Managed CDAP enterprise data integration service to provide an unified user experience for data wrangling and pipeline design.
Availability: Zonal, Regional
SLA: N/A
Billing: 3 Editions
Author: Michaël Bettan
01
Overview & Use Cases
Cloud Data Fusion is a fully managed, cloud-native enterprise data integration service based on the open-source CDAP project. It helps users quickly build and manage data pipelines without writing code.
Primary Use Cases
Unified Analytics Data Marts: Build reliable and fast data foundations.

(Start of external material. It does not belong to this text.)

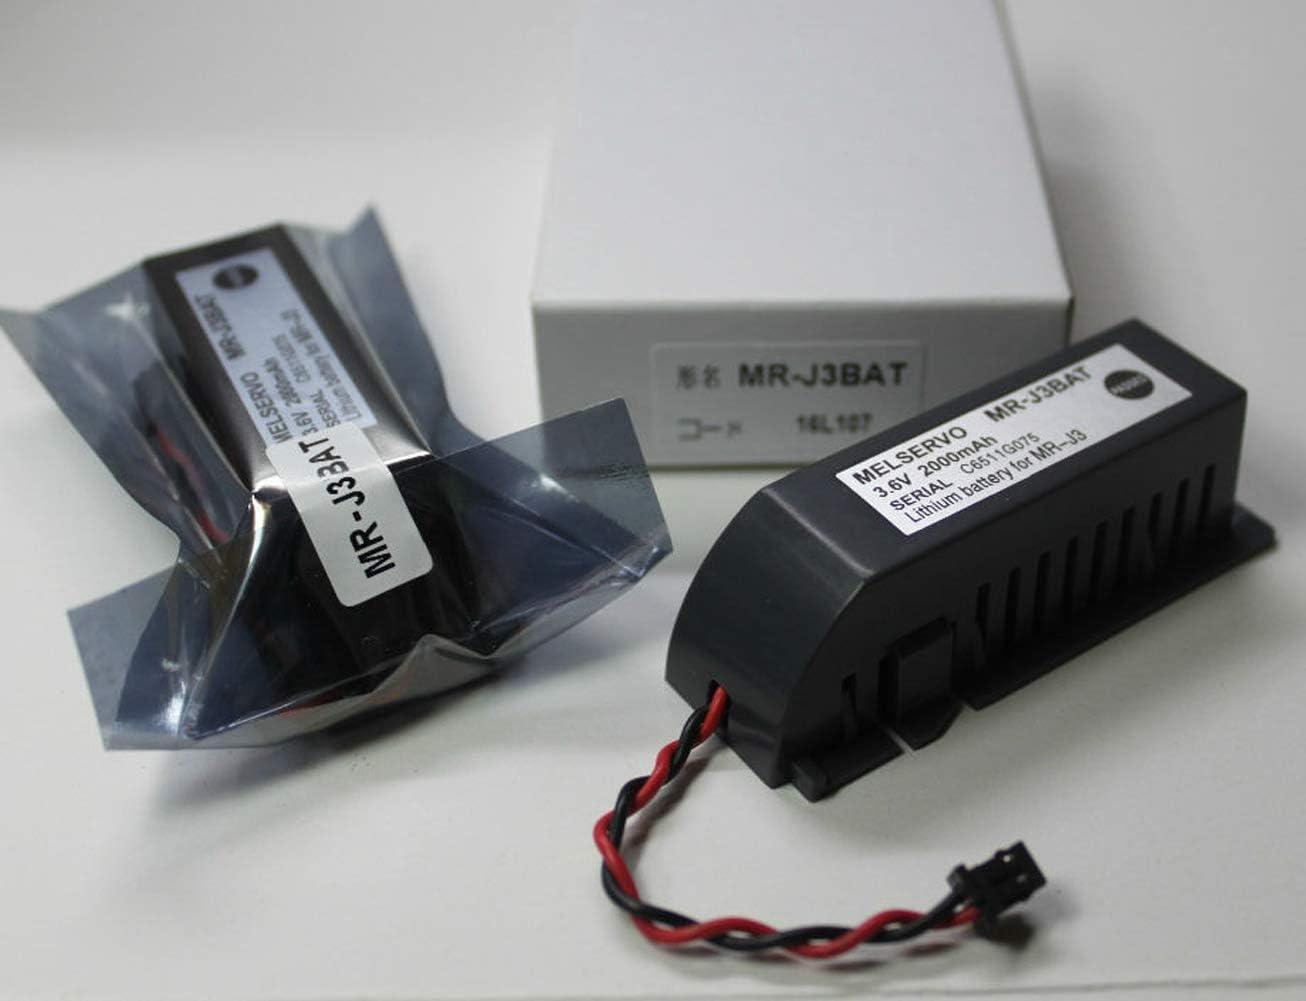 12.8mm TiN COATED JOBBER DRILL BIT HSS GOLDEX EUROPA TOOL OSBORN 8105041280  12

Agile Data Warehouses: Accelerate modernization of data warehousing.
Secured and Integrated Data Lakes: Centralize data with enterprise-grade protection.
Operational Reporting: Enable streamlined insight delivery for business operations.
Important Consideration
If data wrangling and out-of-the-box connectors are strictly required, then Data Fusion is the recommended solution for an Enterprise scale customer.
02
Pricing Editions
Data Fusion offers three distinct billing editions tailored to different deployment sizes, workloads criticality, and real-time integration needs.
Developer
Full-feature edition for product exploration and development environments.
Zonal availability
Limitation on execution environment
Basic
Comprehensive data integration capabilities. Recommended for non-critical environments.
Build batch data pipelines
Connect to any data source
Perform code-free transformations
Limitation on simultaneous pipeline runs
Enterprise
Designed for critical environments requiring scale and reliability.
Includes support for real time data pipelines
Interactions with data lineage
No limitations on simultaneous pipeline runs
High availability
03
Key Capabilities
Data Integration
Develop and execute robust ETL/ELT pipelines seamlessly.
Code-free visual transformations: Drag and drop interface for ease of use.
200+ data sources and formats: Connect to mainframes, databases, SaaS, and enterprise applications.
1000+ transforms: Extensive library including data quality tools.
Multi-Cloud & Openness
Execute integration pipelines across multiple flexible environments.
Multi-Cloud: Deploy in different clouds (CDAP/CDF). Built on CDAP.io (Open-source & Community based).
Open Execution: Automatically provisioned Dataproc clusters with just a click.
Ecosystem Support: Run on AWS EMR, Azure HDInsight, Cloudera SDX, Cloudera Data platform (HDP), and Snowflake.
Google Cloud Integrated
Deep integration with native Google Cloud sources & destinations.
Cloud Storage (GCS)
Cloud SQL & Cloud Spanner
Pub/Sub
BigQuery
Cloud Bigtable
Metadata & Protection
Ensure security, visibility, and unified wrangling across pipelines.
Metadata & Modeling: End-to-end data view and flow. Insights into pipeline through end-to-end pipeline lineage.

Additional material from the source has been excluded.